One quick note here, I've been pinging through the cmd prompt my router 192.168.0.1, my internal ip, 192.168.0.101.. and I'm pinging google, 72.14.253.103.. when I disconnected, in the last hour, the pings all were responding except for the google ping.. which makes me believe that my ISP is crapping out on me.. does that sound agreeable?


----------



## johnwill (Sep 26, 2002)

Can you ping google by IP address when the name doesn't work?


----------



## Rich9995 (Mar 14, 2008)

I've been pinging it all afternoon.. when it goes down the dos prompt says 'retry timed out' about 10 seconds worth.. nothing works for that period of time. Then it recconects just fine.. it's been up for a few hours now.. it's only a matter of minutes though and it'll shut down again briefly.. what do you mean by 'when the name doesn't work?'


----------



## johnwill (Sep 26, 2002)

If you're already pinging using the IP address of 72.14.253.103, forget about the previous question. :smile:

I'd say that Charger is disconnecting for some reason.


----------



## CrankyYankee (Apr 6, 2008)

We were getting calls on google issues possibley from our DNS servers. You can still get to google by IP address 64.233.167.104. This issue should be resolved by now. 

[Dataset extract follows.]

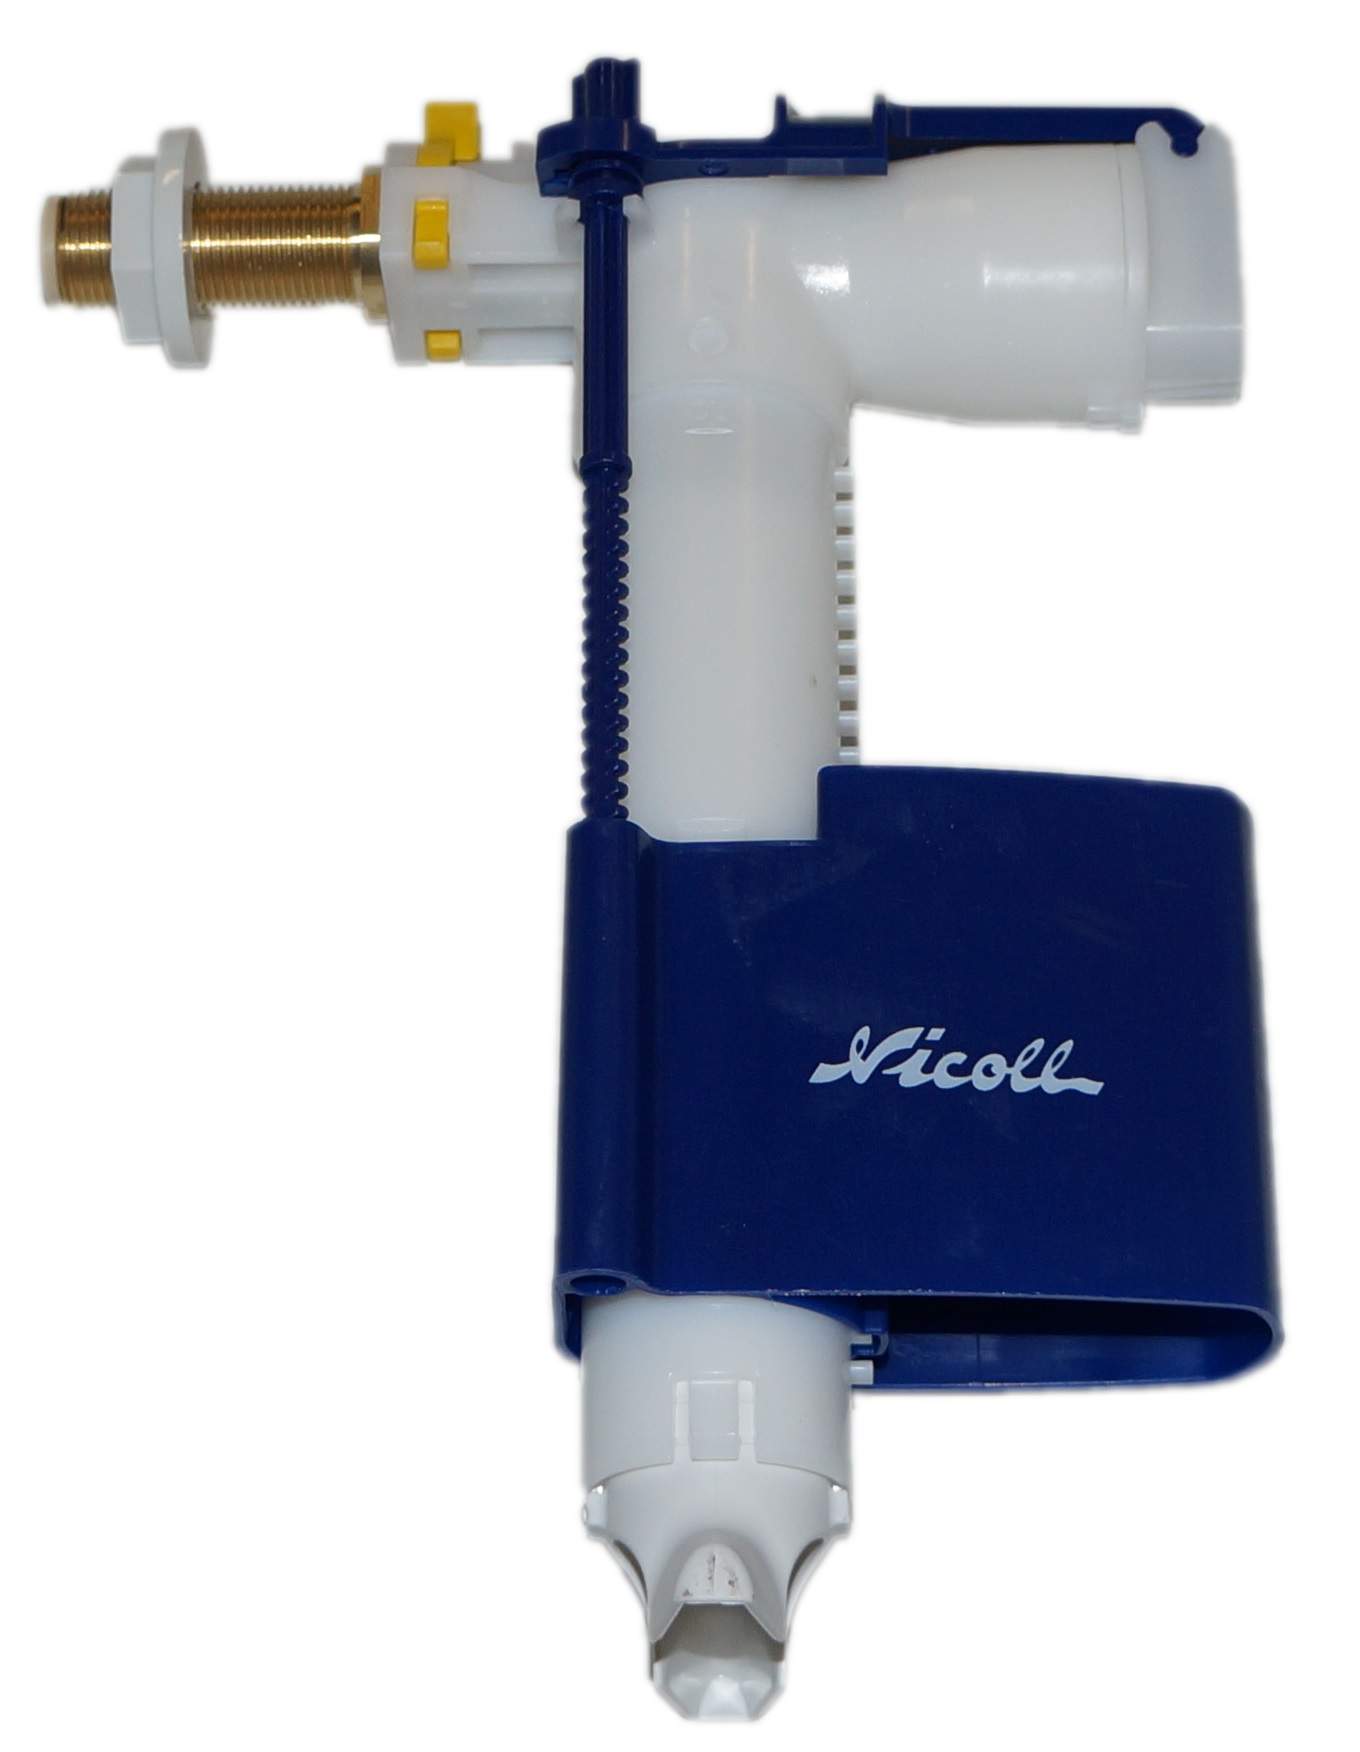 Válvula de flotador con soporte para el marco de soporte Sas/Nicoll
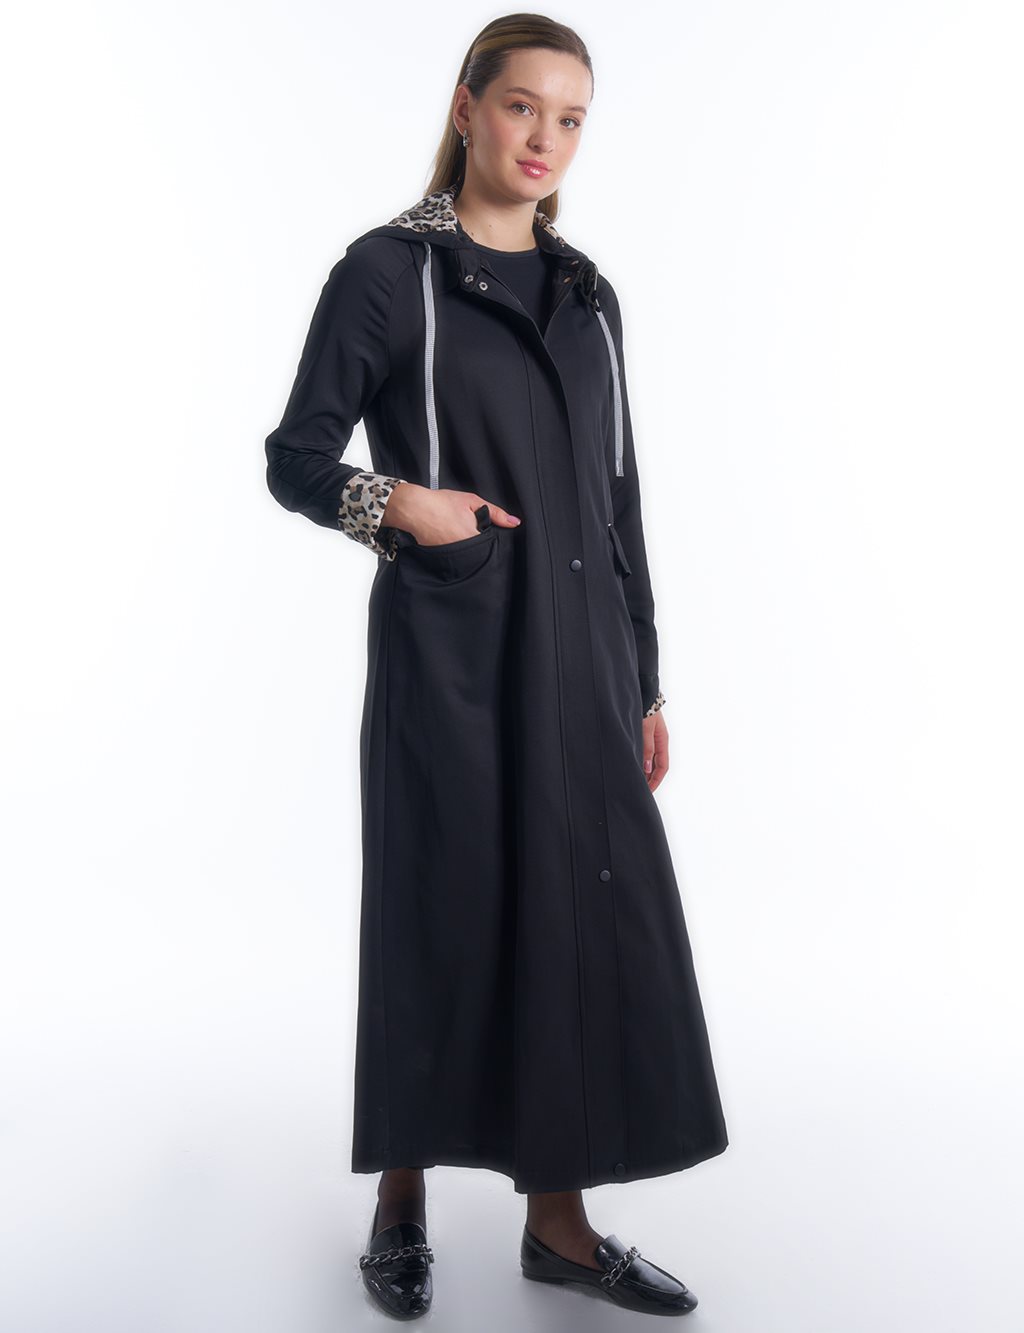  Hidden Snap Zipper and Snap Fastener Overcoat in Black

As far as timing out, have you tried to disable your router's firewall?


----------



## Rich9995 (Mar 14, 2008)

Yes, well I have identfied the problem as a bad router.. that D-Link DI-524.. i've had it for nearly 5 years and it finally crapped out on me with these hourly disconnects, I was sure I tried that, I guess not though. Anyway, thanks for the help here.


----------



## athala_425 (Dec 20, 2008)

I have experienced the same thing, I ran an accumulative trace route and found that during these disconnects every hop from my router to the end(world of warcraft) has timed out for 2-3traces(6-9seconds) and then comes back. I also have a lot of random time outs from the ATT lines and charter lines it goes through. I dont know if that helps any.


----------